— Work instruction —
Reproduce all of the data below without alteration; exclude every picture.

— Data section —
Content starts

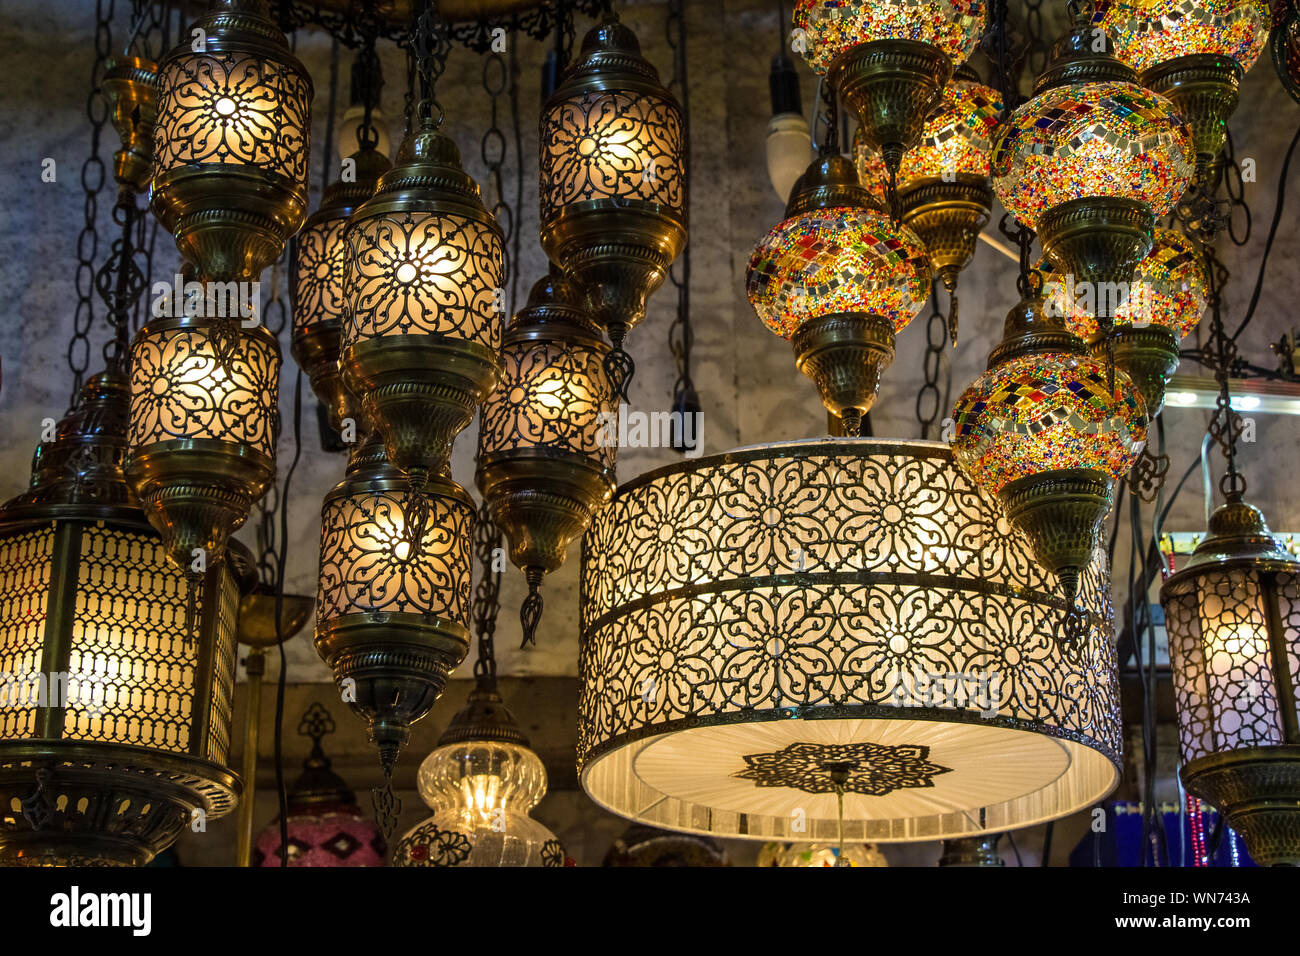 Ottoman style colorful mosaic lamps in Istanbul Turkey Stock Photo - Alamy
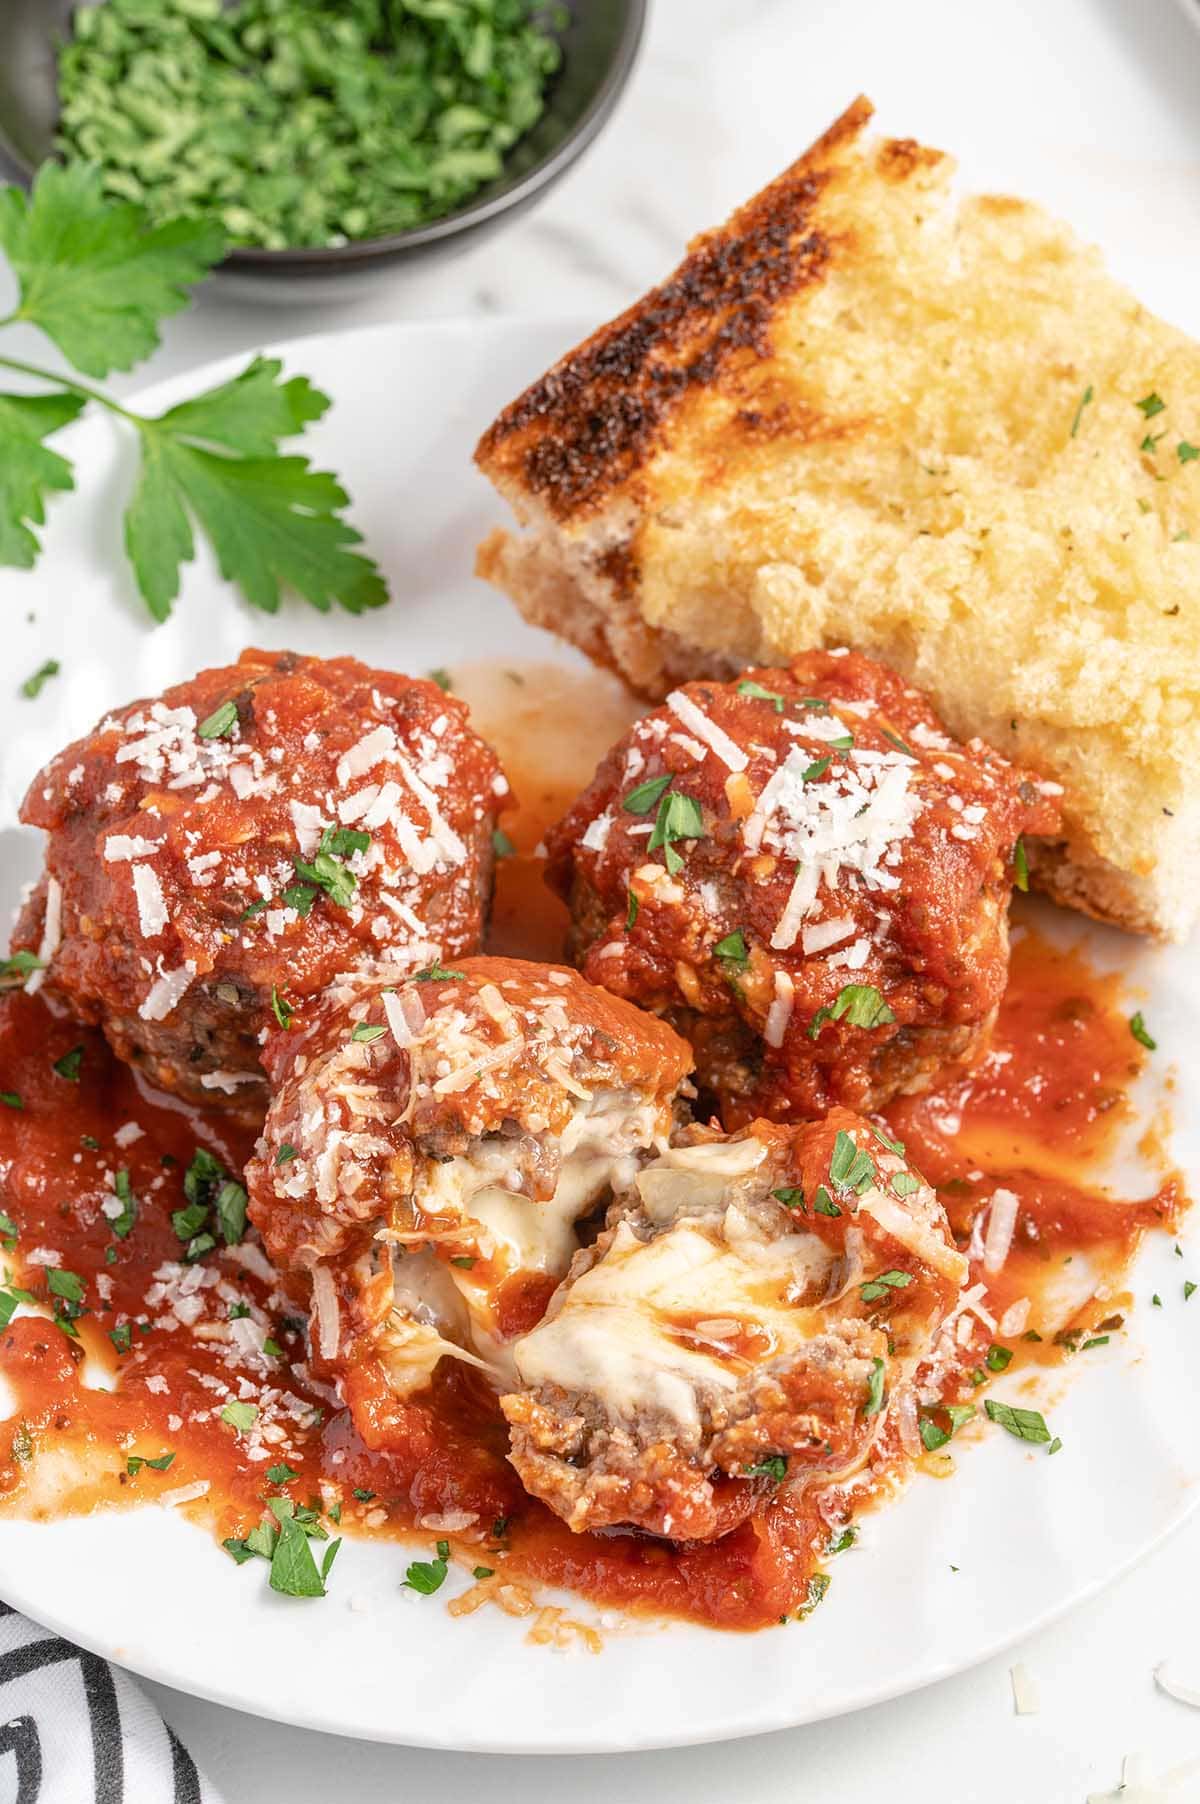 showing the inside of Cheese Stuffed Meatballs
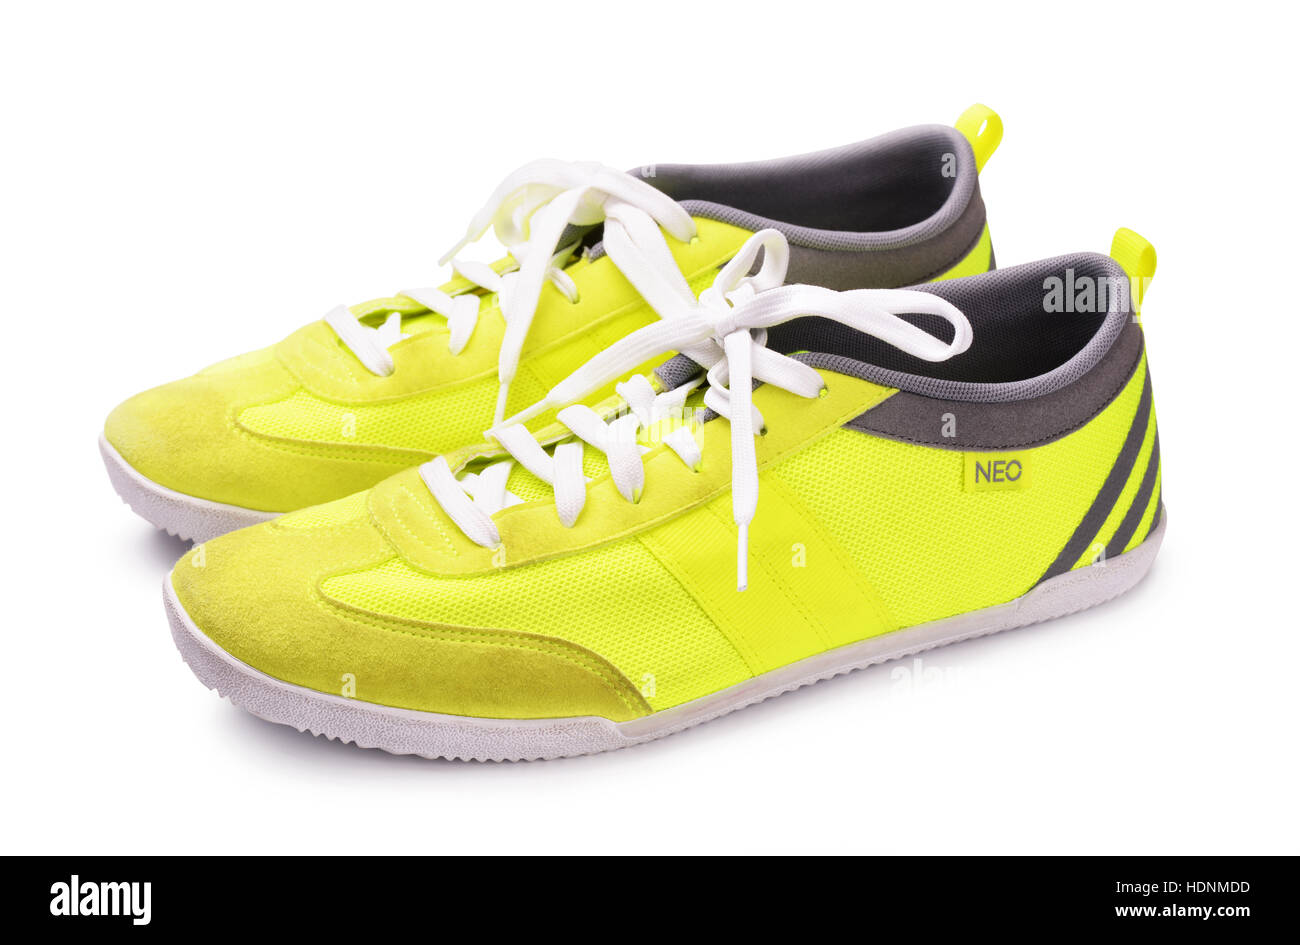 SAMARA, RUSSIA - June 8, 2015: Adidas Neo sneakers for running, football,  training, in gray and yellow, showing the Adidas logo and famous three  strip Stock Photo - Alamy

Content ends

— Expected answer —
 Ottoman style colorful mosaic lamps in Istanbul Turkey Stock Photo - Alamy
 showing the inside of Cheese Stuffed Meatballs
 SAMARA, RUSSIA - June 8, 2015: Adidas Neo sneakers for running, football,  training, in gray and yellow, showing the Adidas logo and famous three  strip Stock Photo - Alamy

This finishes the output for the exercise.